Programma wijkeconomie en kleinschalig ondernemerschap
In het programma staat het stimuleren van het ondernemerschap in de wijken centraal door vakmanschap, verstigingsklimaat en verbondenheid. Verschillende concrete maatregelen worden in het programma voorgesteld. Het bestemmingsplan biedt - buiten de voor functiemenging aangewezen zones - ruimte voor het uitoefenen van beroep- en bedrijf aan huis.
Groen en ecologie
Het Groenstructuurplan en het Meerjaren Groenprogramma (2006, 2007) heeft als centrale doelstelling het verhogen van de kwaliteit van het stedelijk groen ten behoeve van de leefbaarheid van de stad. Gebleken is dat een gevarieerde natuur- en soortendiversiteit in flora en fauna een grote bijdrage levert aan een positieve waardering van het groen en de openbare ruimte door de bewoners.
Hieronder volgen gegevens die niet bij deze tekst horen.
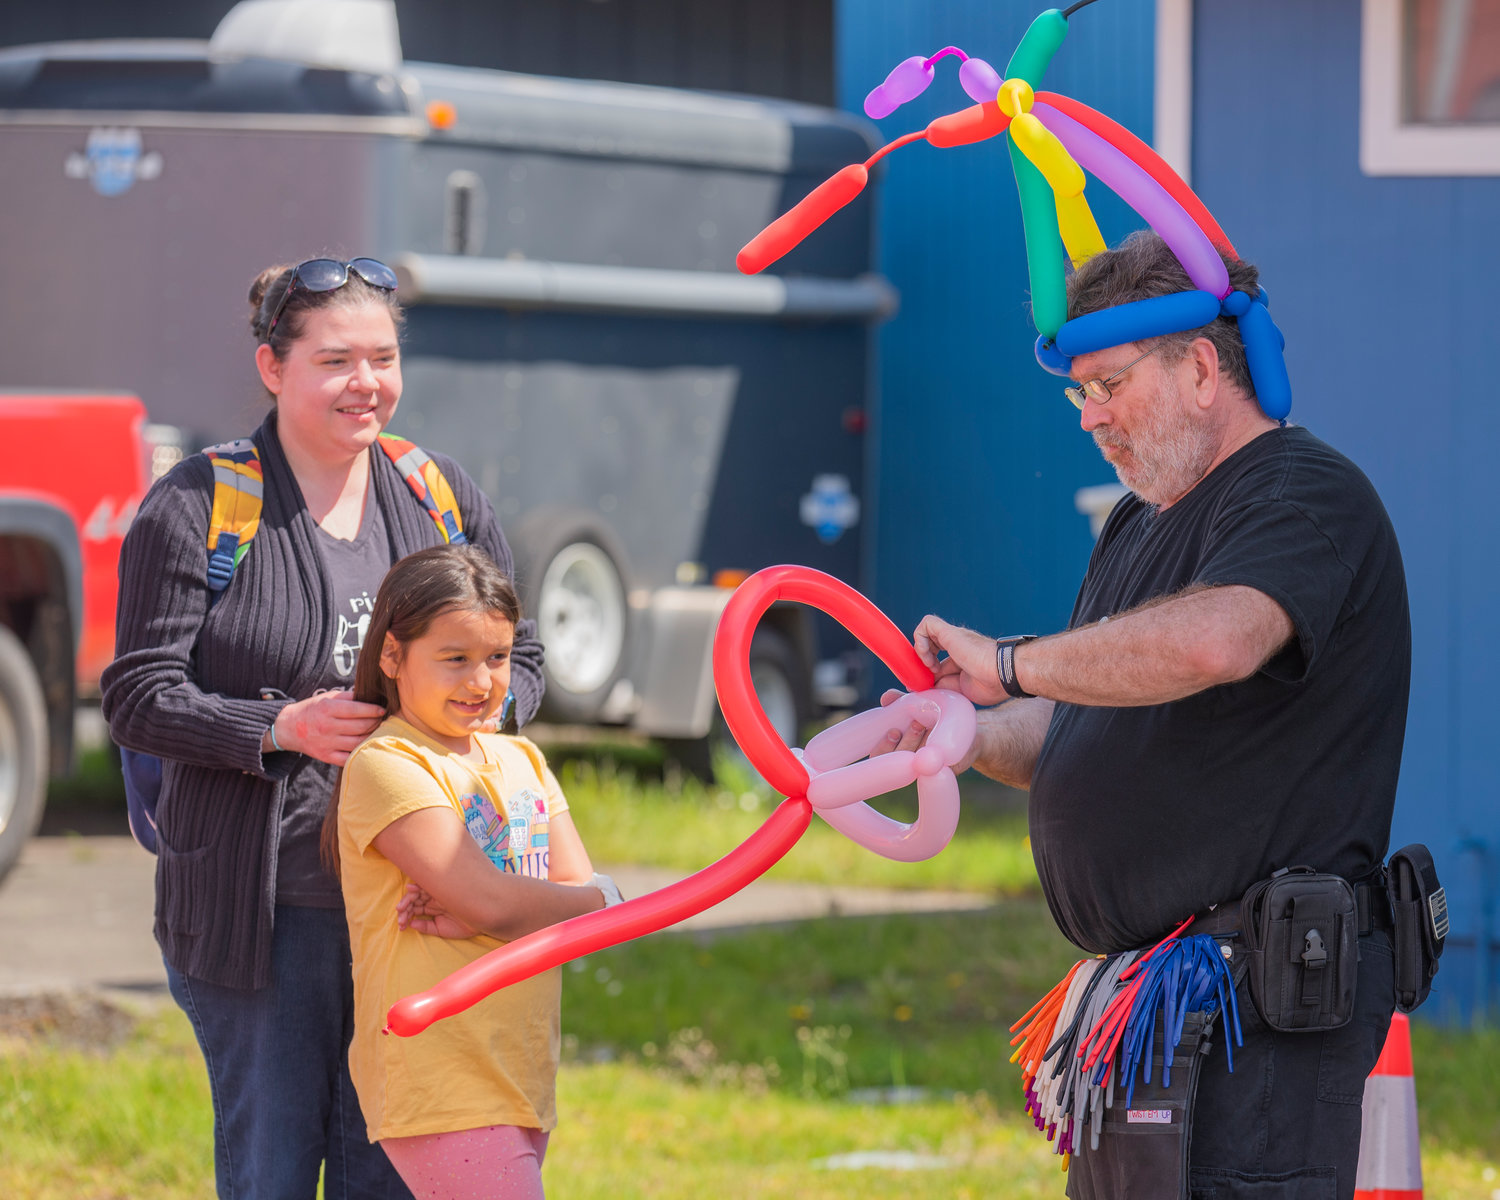 Balloon hats are bent into shape for visitors at the Spring Youth Fair in Centralia on Sunday.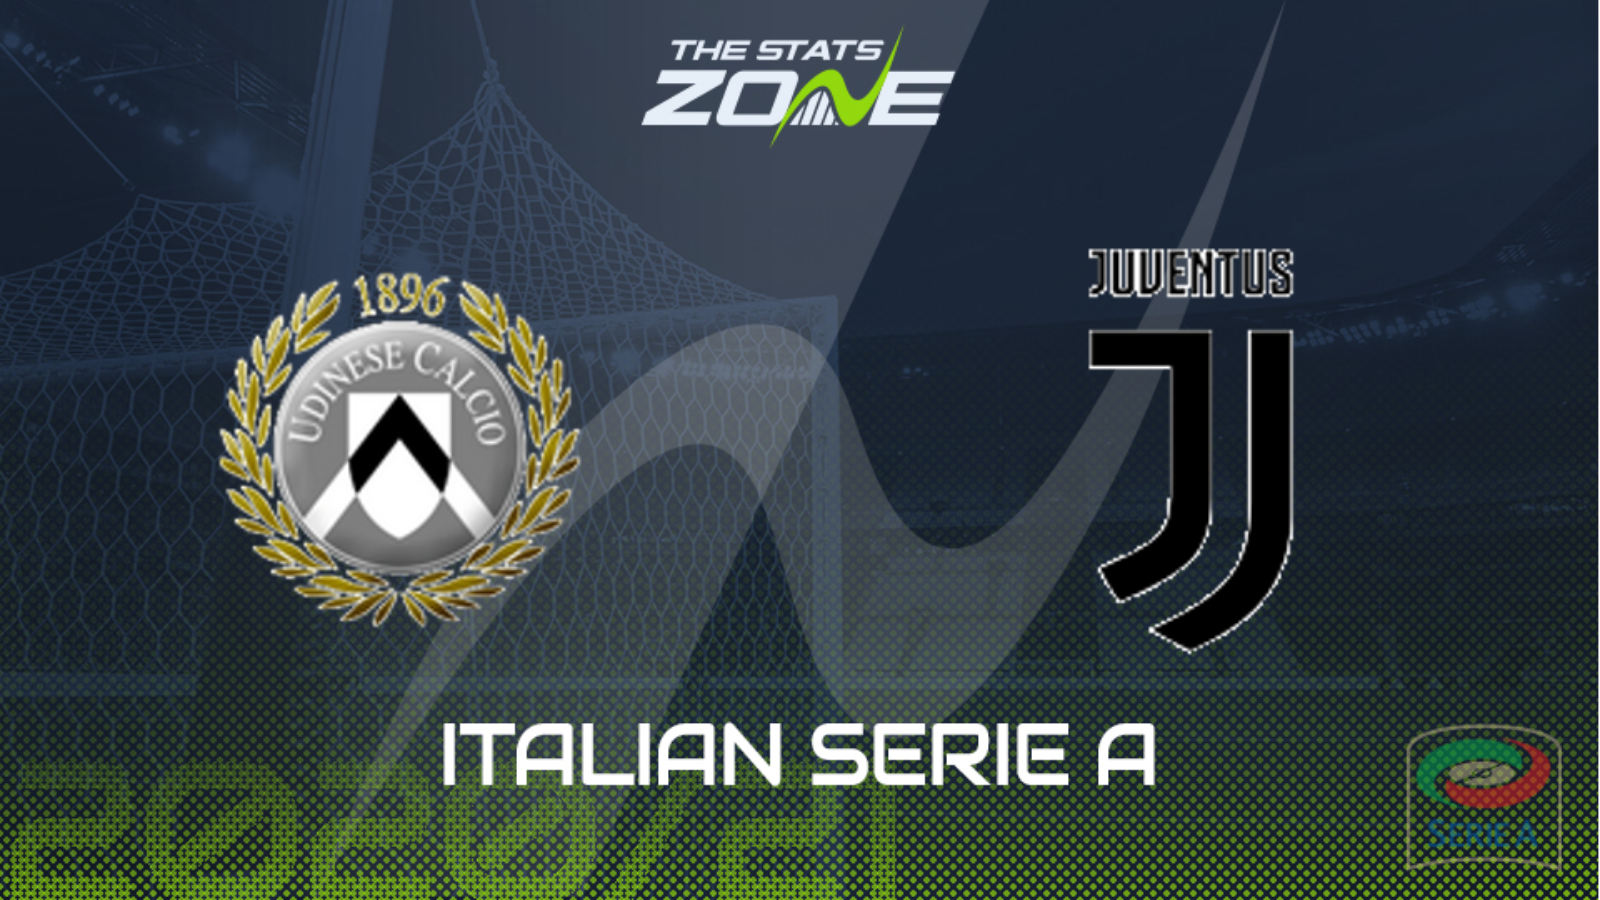 Udinese vs Juventus Full Match – Serie A 2020/21

Om de natuurwaarden in het stadsgroen te behouden en te verbeteren is het noodzakelijk dat er groene verbindingen zijn tussen het groene buitengebied en het groen in de stad, en tussen groene kerngebieden onderling.
In het Groenstructuurplan zijn de bestaande en wenselijke groenstructuren (ecologisch, recreatief en cultuurhistorisch) vastgelegd. Deze zones moeten in principe groen blijven. Bij de (her)inrichting moet rekening worden gehouden met de ecologische functie. Functieverandering is alleen toegestaan na bestuurlijke afweging. Afname in omvang en/of kwaliteit moet gecompenseerd worden.
Naar aanleiding van het Groenstructuurplan is een afzonderlijk beleid voor de bomen en bomenlanen in Utrecht ontwikkeld, omdat bomen een eigen ruimtelijke dimensie hebben en een aparte problematiek kennen. Dit is het Bomenbeleid Utrecht, Verbeterde regelgeving voor beheer, behoud en ontwikkeling van bomen (2009). Eén van de belangrijkste doelen van het Utrechtse bomenbeleid is een samenhangende bomenstructuur voor de stad, gebaseerd op cultuurhistorische, ruimtelijke en ecologische uitgangspunten en milieu. Voor 2030 zet de gemeente in op het behoud en de ontwikkeling van de bomenstructuur. Dit zal gebeuren door waar mogelijk ontbrekende bomen in de bomenstructuur aan te vullen om zo een samenhangende structuur te creëren en door het verder verbeteren van de bomenstructuur door middel van extra zorg voor beheer en onderhoud.
Verschillende delen binnen het plangebied zijn onderdeel van de stedelijke groenstructuur. Dit zijn delen die grenzen aan stedelijke groenverbindingen van het Amsterdam-Rijnkanaal, het Merwedekanaal en de Leidserijn.
Binnen het bestemmingsplangebied is een aantal boomstructuren onderdeel van de stedelijke boomstructuur. Dit zijn boomstructuren langs de Kanaalweg, de Europalaan, de Beneluxlaan, de Koningin Wilhelminalaan, de Leidseweg, zone langs de Vecht en het Amsterdam-Rijnkanaal.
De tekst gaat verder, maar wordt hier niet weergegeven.